For control of CNS inflammation in dogs and cats unassociated with a virus or other agent, prednisone at 2 mg/kg every 24 hours may be given PO. For prevention of steroid-induced GI ulcers, oral famotidine at 0.5–1 mg/kg, every 12–24 hours; cimetidine at 5–10 mg/kg, every 12 hours; or misoprostol at 3 mcg/kg, every 12 hours, may be administered. If GI ulcers develop and melena is detected, sucralfate (500 mg for cats and dogs < 20 kg; 1 g for dogs > 20 kg), PO, every 6–8 hours, is given 2 hours apart from other drugs. NSAIDs should never be given in conjunction with steroids, because GI ulceration is common. The dosages of all steroids given should be slowly tapered; abrupt withdrawal should be avoided. Prednisone can be used as longterm maintenance therapy on alternate days to avoid complete suppression of adrenal function. Other chemotherapeutics used for inflammatory CNS disease such as MUE are cytarabine (50 mg/m2, SC, every 12 hours for 2 days, then repeated at 3- to 4-week intervals), mycophenolate (10 mg/kg, PO, every 12 hours), and cyclosporine (5 mg/kg, PO, every 12 hours).
After cranial surgery and in animals with brain tumors or head injuries that cause a declining neurologic status, 20% mannitol, 0.5–1 g/kg, may be given slowly IV. Mannitol is not given in spinal cord injuries. Use of methylprednisolone sodium succinate as described above for acute spinal cord injury is no longer recommended for head injuries in people, and its use in the veterinary field is declining. For palliative treatment of brain tumors, oral prednisone may be used.

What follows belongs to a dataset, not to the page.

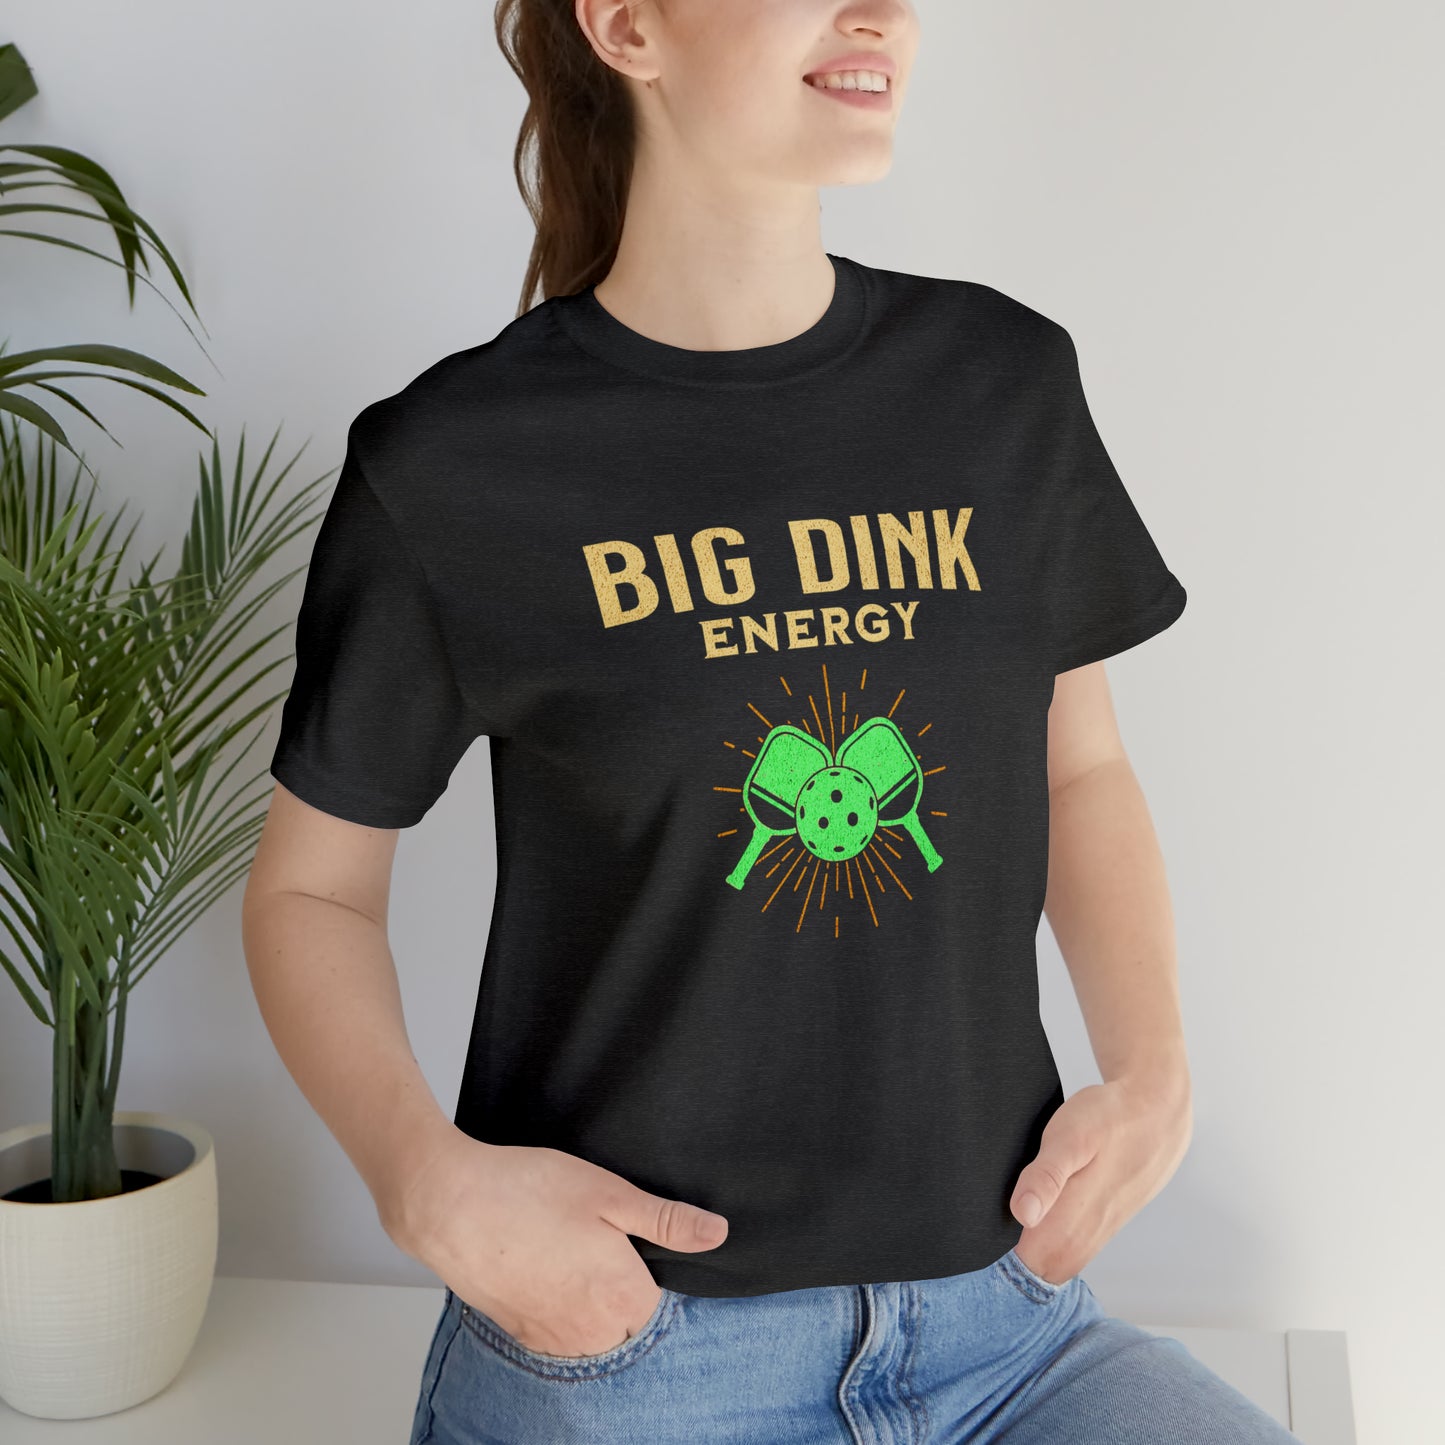 Big Dink Energy - Vibrant Pickleball T-Shirt

Methocarbamol at 15–20 mg/kg, PO, every 6–8 hours, relieves muscle spasms from intervertebral disc protrusion and other sources of nerve root irritation.
Refer to discussions of specific infections for antimicrobial therapy recommendations.
Animals with paraplegia and quadriplegia need intensive nursing care. The animal should be maintained on padding and turned every 4–6 hr to avoid decubital ulcers. The bladder must be expressed or catheterized every 6–8 hr. In paraplegic animals, diazepam may be given to facilitate relaxation of the urinary sphincter, making manual expression of the bladder easier. Urine must be monitored for evidence of cystitis. The skin must be kept clean and free of urine and feces to prevent dermatitis. Quadriplegic animals may need to be hand fed nutritious food and given plenty of water. Manual extension and flexion of joints and muscle massage will help delay contractures and muscle atrophy in paralyzed limbs.